**Aim of the exercise**
Would you reproduce each line below exactly, leaving every picture out?

**Dataset content**
• • • • • • •

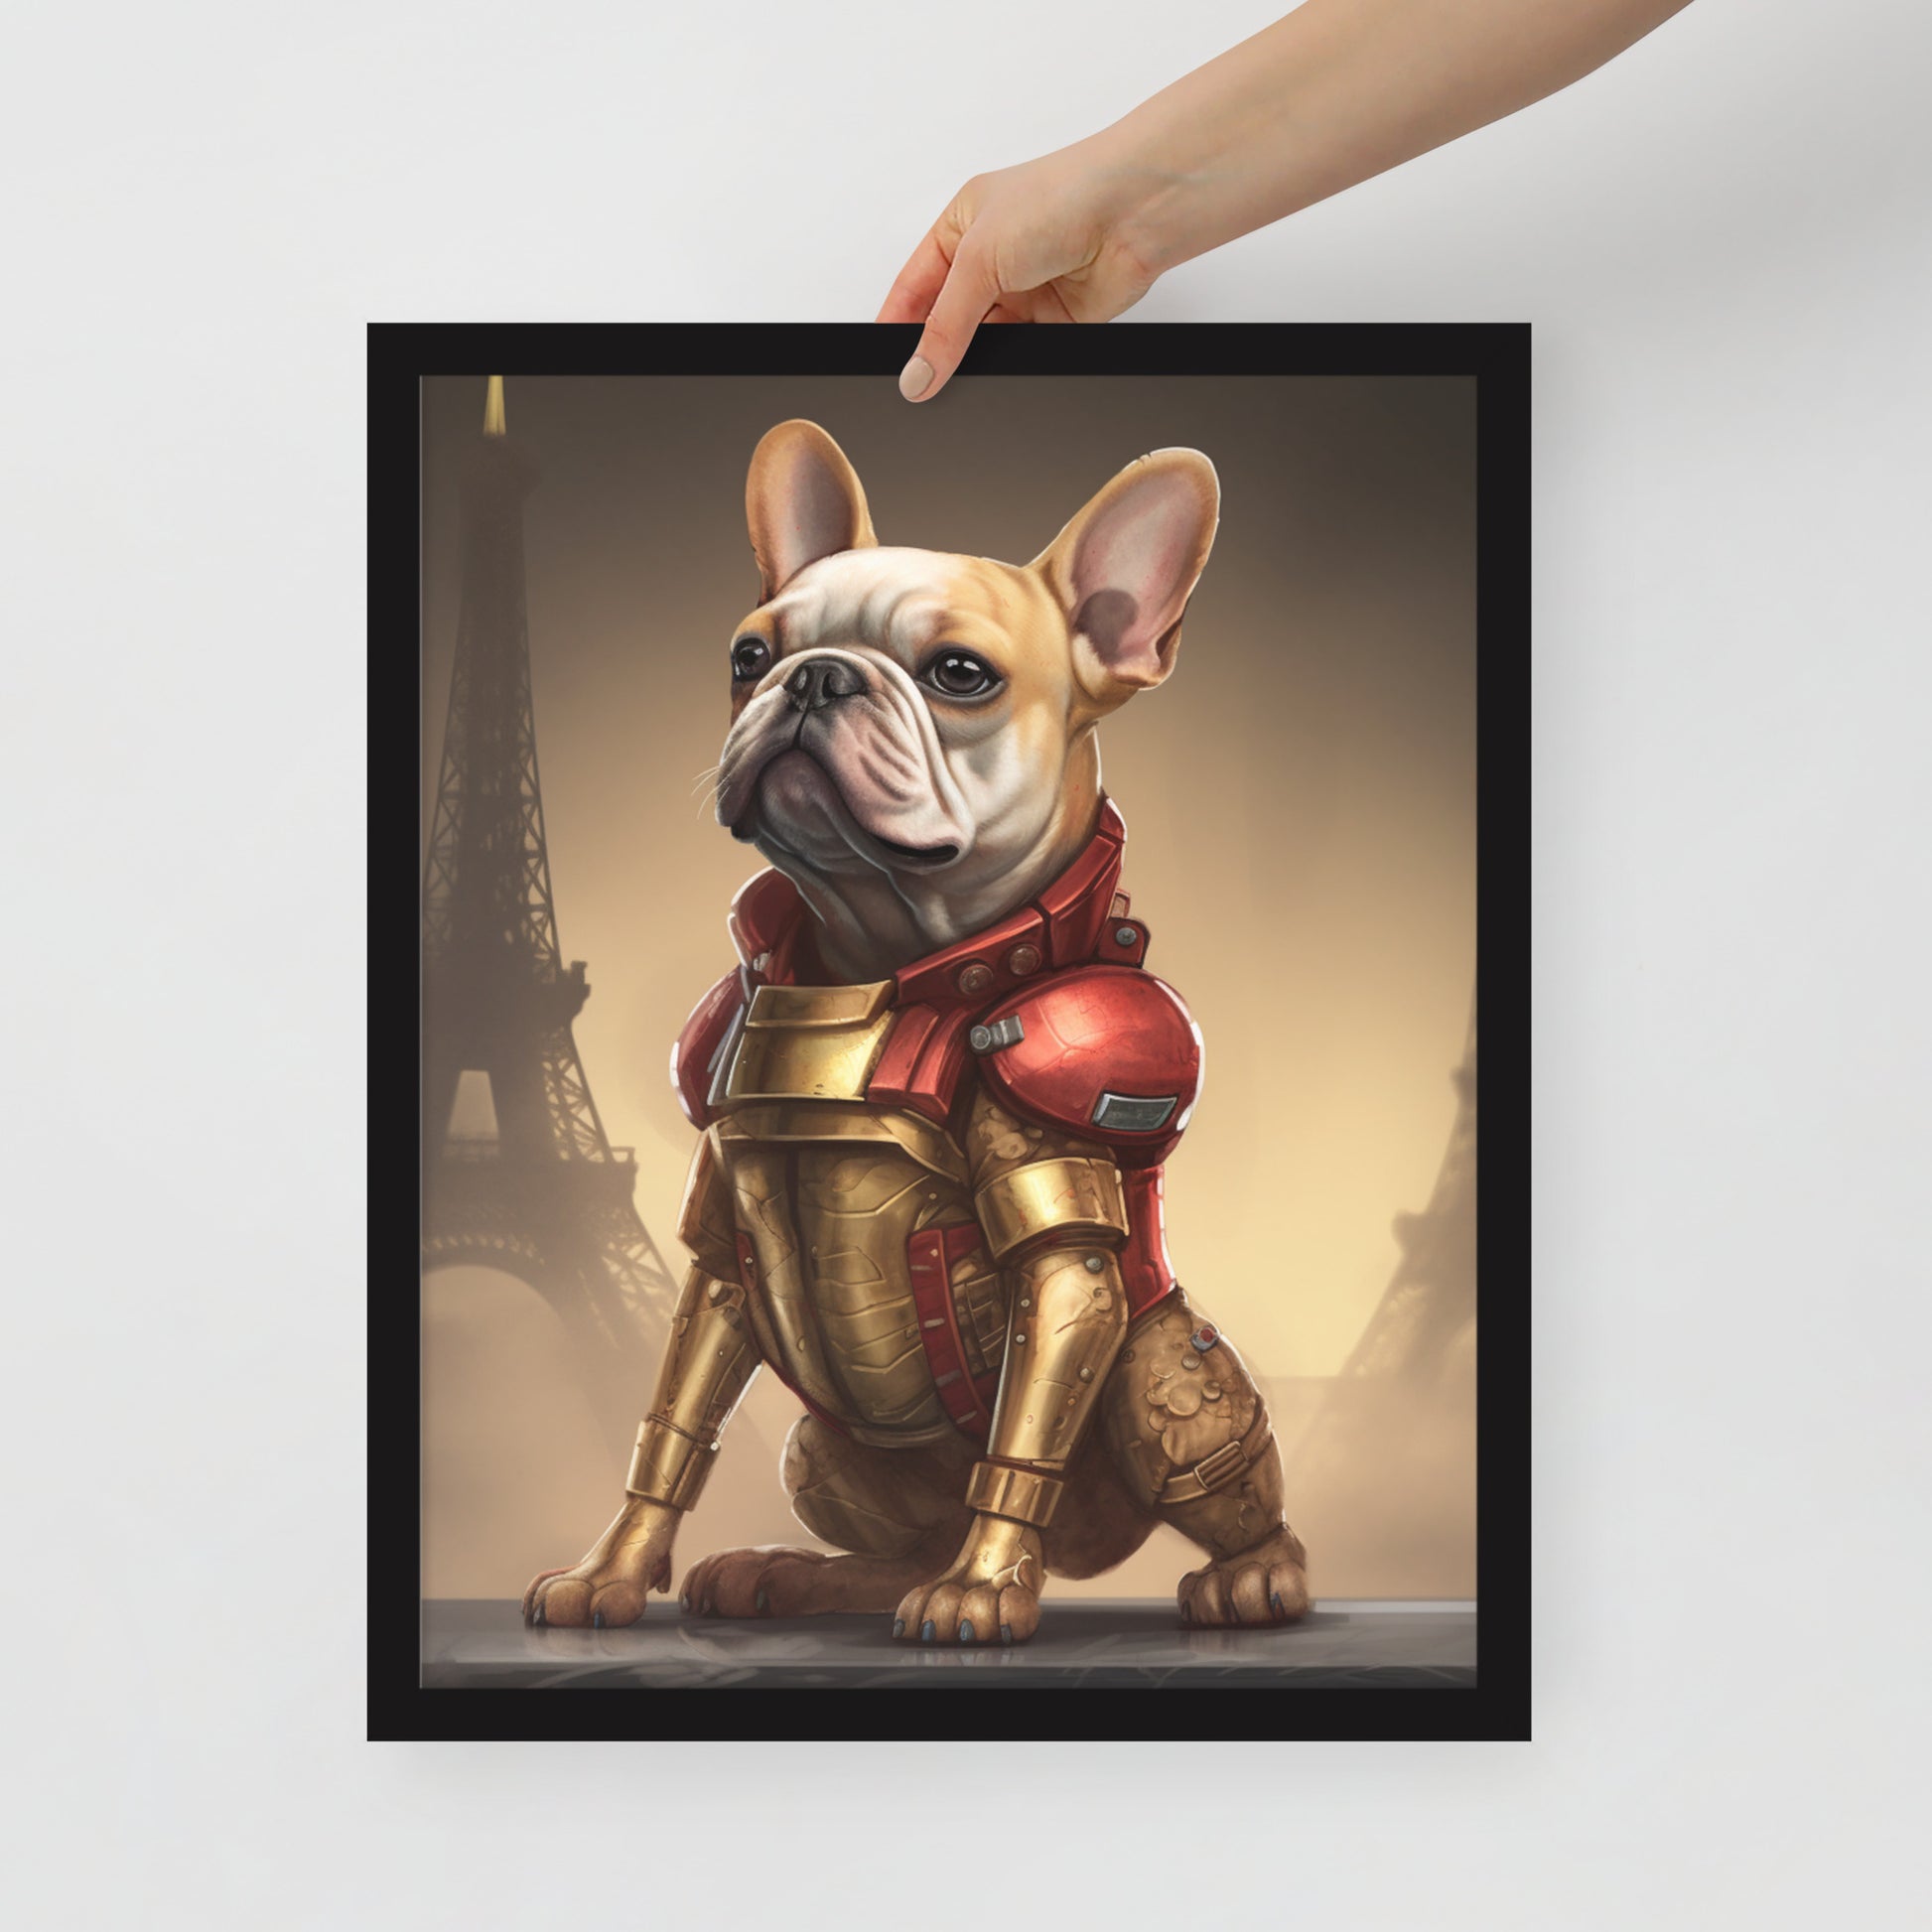 French Bulldog Enchantment - Artistic Framed Poster
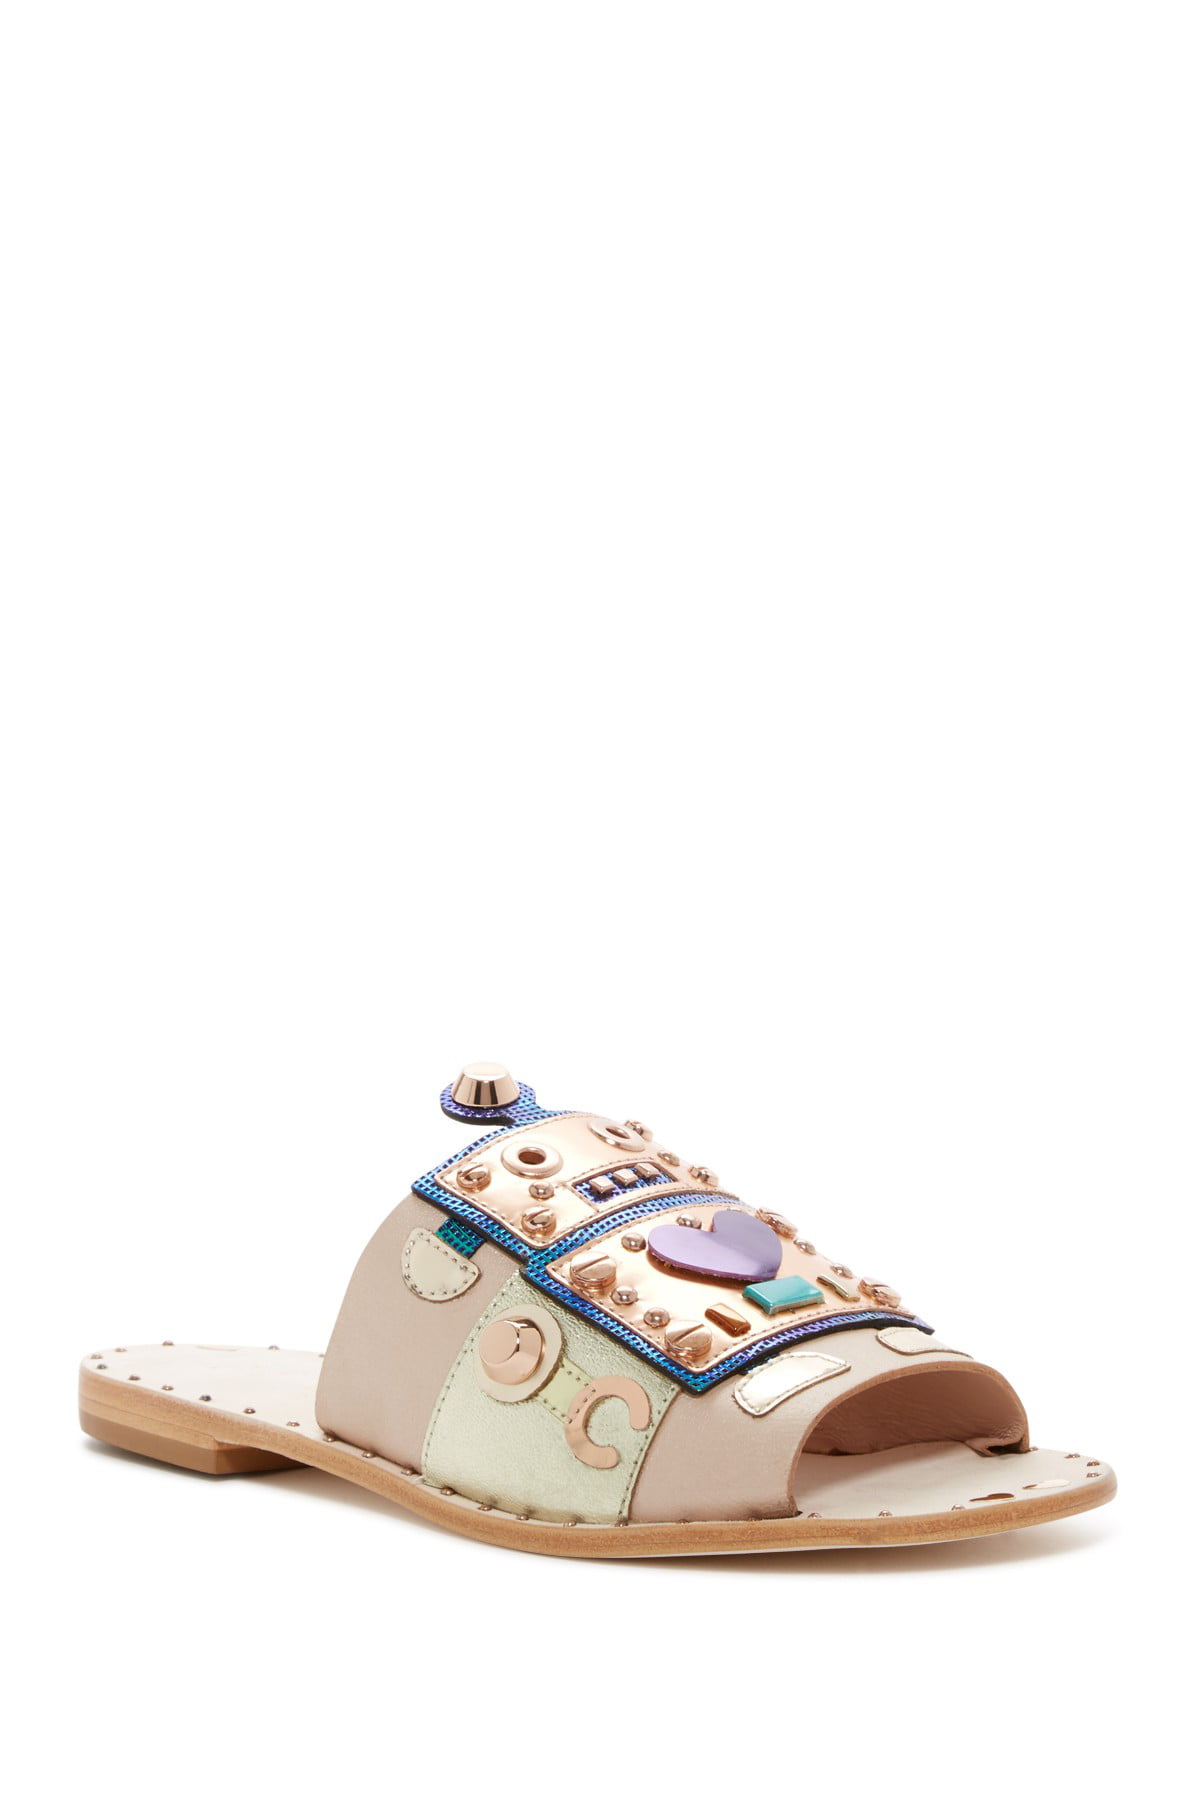 Ivy Kirzhner Bobby Blush Embellished Luxe Kidsuede Slip-On Mule Slide Sandal
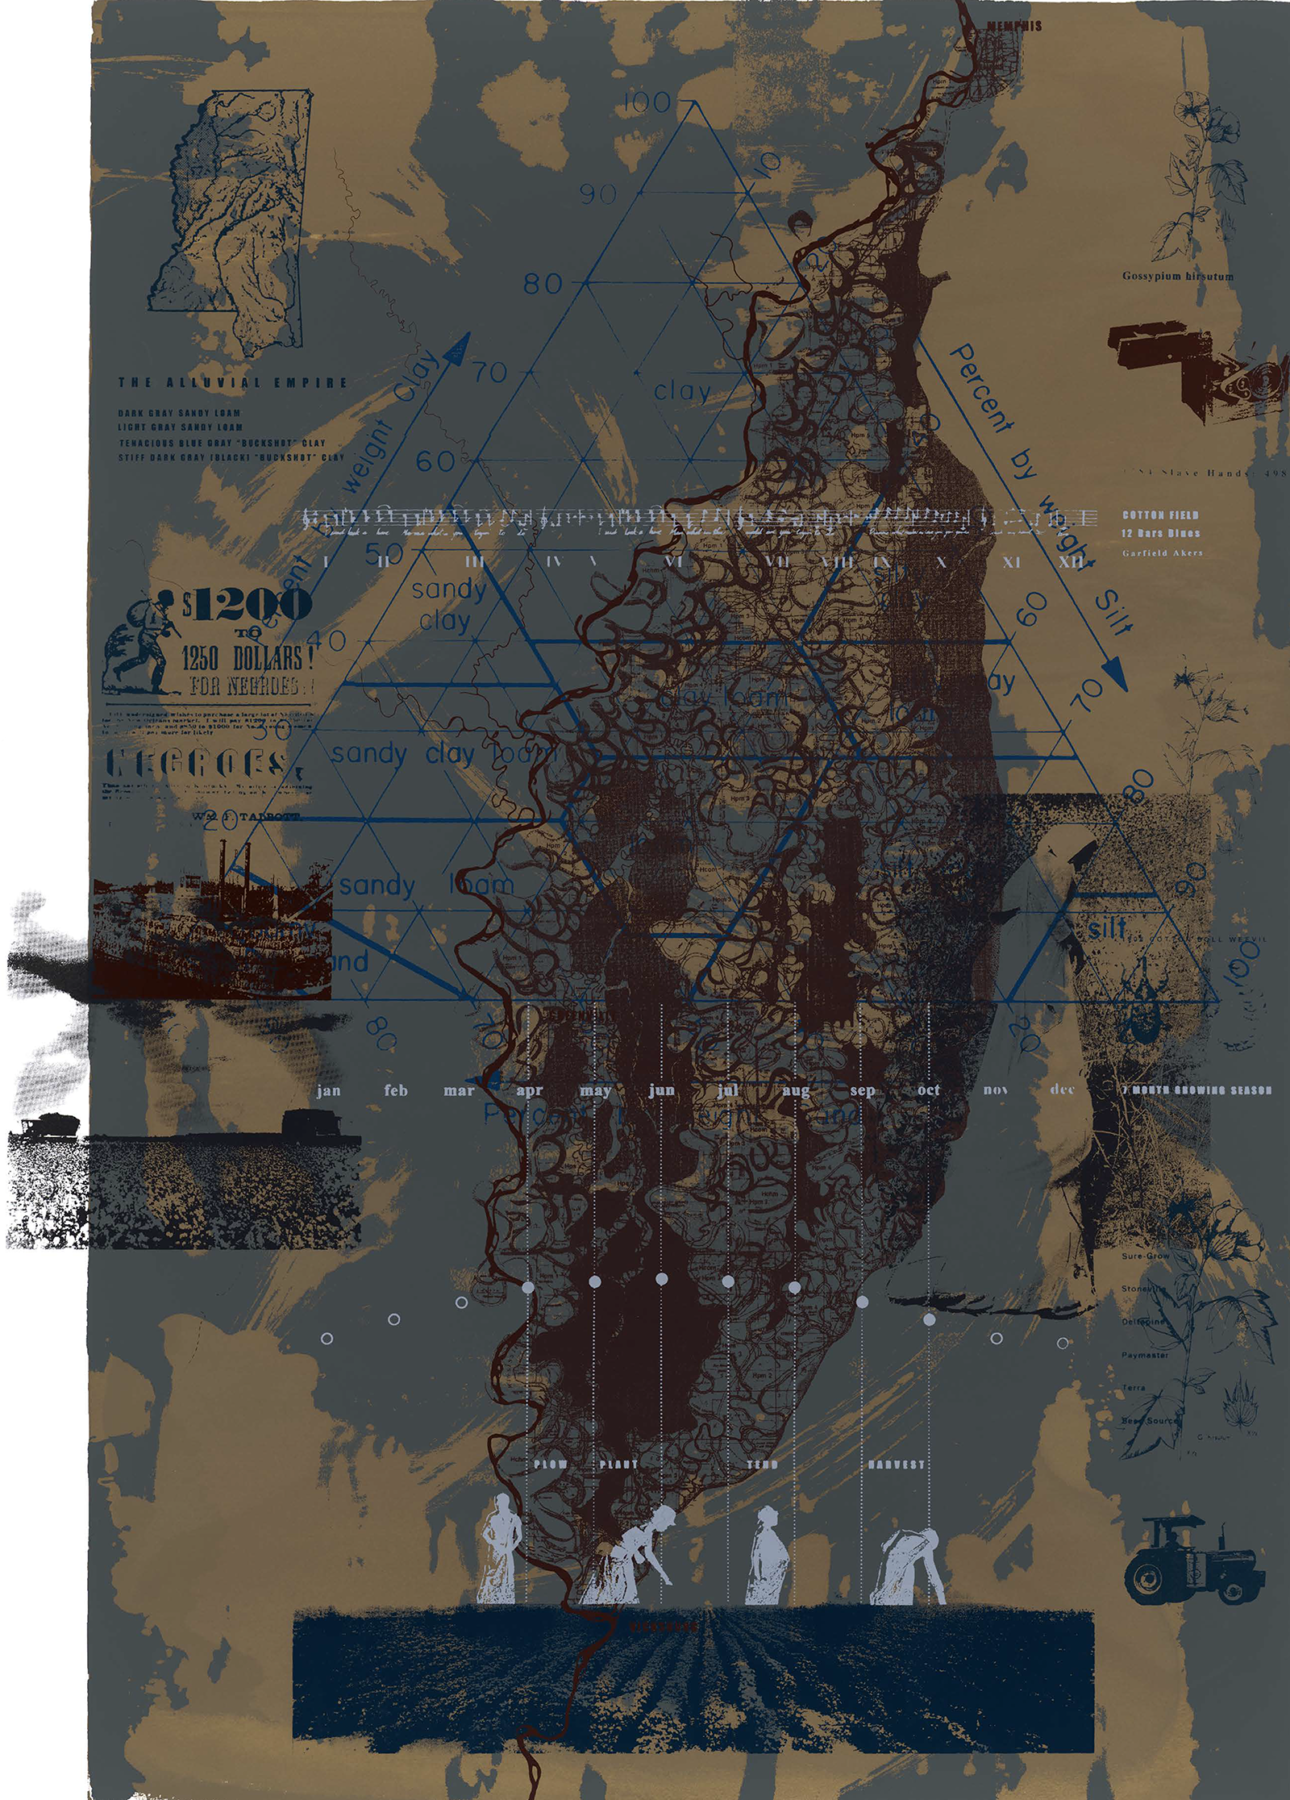 Archisearch Αρχιτεκτονικές Αφηγήσεις στην Ανθρωπόκαινο Εποχή: Η σύγχρονη οικολογική συνθήκη ως σχεδιαστική πρακτική. | Ερευνητική Εργασία από τον Ευάγγελο Κατσανεβάκη

• • • • • • •

**Your solution**
 French Bulldog Enchantment - Artistic Framed Poster
 Ivy Kirzhner Bobby Blush Embellished Luxe Kidsuede Slip-On Mule Slide Sandal
 Archisearch Αρχιτεκτονικές Αφηγήσεις στην Ανθρωπόκαινο Εποχή: Η σύγχρονη οικολογική συνθήκη ως σχεδιαστική πρακτική. | Ερευνητική Εργασία από τον Ευάγγελο Κατσανεβάκη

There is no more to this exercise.